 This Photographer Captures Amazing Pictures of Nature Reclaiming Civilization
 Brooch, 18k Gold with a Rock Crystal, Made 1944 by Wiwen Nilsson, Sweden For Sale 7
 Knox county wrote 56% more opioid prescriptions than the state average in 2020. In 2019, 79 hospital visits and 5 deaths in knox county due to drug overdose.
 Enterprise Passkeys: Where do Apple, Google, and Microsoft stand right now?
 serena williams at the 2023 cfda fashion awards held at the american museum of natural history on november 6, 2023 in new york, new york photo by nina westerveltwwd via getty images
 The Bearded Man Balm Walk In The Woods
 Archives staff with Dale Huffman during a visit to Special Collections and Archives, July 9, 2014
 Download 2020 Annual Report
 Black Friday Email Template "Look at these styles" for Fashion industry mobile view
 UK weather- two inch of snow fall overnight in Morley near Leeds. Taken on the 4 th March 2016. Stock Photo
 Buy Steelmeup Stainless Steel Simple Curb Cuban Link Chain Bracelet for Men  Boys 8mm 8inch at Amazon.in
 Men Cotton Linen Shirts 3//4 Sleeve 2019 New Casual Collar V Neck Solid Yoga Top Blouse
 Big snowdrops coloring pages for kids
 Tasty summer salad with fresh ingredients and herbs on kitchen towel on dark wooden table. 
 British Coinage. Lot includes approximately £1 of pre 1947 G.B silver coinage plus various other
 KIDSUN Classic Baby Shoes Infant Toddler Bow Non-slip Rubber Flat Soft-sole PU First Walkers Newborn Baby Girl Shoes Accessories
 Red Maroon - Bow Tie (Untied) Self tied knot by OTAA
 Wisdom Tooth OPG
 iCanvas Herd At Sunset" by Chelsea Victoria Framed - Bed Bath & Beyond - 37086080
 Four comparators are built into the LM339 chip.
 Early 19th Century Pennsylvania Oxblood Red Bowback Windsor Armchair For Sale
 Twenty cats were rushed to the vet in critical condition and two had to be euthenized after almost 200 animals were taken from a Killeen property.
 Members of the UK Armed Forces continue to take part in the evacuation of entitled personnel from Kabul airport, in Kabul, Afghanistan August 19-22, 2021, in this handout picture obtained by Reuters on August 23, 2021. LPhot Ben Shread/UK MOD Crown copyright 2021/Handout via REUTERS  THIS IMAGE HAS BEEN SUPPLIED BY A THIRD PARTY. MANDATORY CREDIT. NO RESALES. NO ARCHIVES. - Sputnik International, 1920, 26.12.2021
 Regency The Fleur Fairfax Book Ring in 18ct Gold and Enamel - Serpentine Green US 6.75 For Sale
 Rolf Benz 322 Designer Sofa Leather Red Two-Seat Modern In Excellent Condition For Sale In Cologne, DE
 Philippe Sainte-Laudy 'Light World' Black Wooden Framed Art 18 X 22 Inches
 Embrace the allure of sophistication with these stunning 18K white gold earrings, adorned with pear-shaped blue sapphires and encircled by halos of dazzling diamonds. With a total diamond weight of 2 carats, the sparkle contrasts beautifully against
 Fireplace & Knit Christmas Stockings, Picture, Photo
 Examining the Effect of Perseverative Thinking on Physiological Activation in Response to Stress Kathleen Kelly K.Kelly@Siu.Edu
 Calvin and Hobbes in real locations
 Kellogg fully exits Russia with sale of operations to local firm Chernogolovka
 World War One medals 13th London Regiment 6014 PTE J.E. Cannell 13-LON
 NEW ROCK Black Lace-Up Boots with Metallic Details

══════════

Write out the lines of the records exactly, starting at the one holding "Fireplace & Knit" and ending with the last line, and include no others.

### EXPECTED ANSWER
 Fireplace & Knit Christmas Stockings, Picture, Photo
 Examining the Effect of Perseverative Thinking on Physiological Activation in Response to Stress Kathleen Kelly K.Kelly@Siu.Edu
 Calvin and Hobbes in real locations
 Kellogg fully exits Russia with sale of operations to local firm Chernogolovka
 World War One medals 13th London Regiment 6014 PTE J.E. Cannell 13-LON
 NEW ROCK Black Lace-Up Boots with Metallic Details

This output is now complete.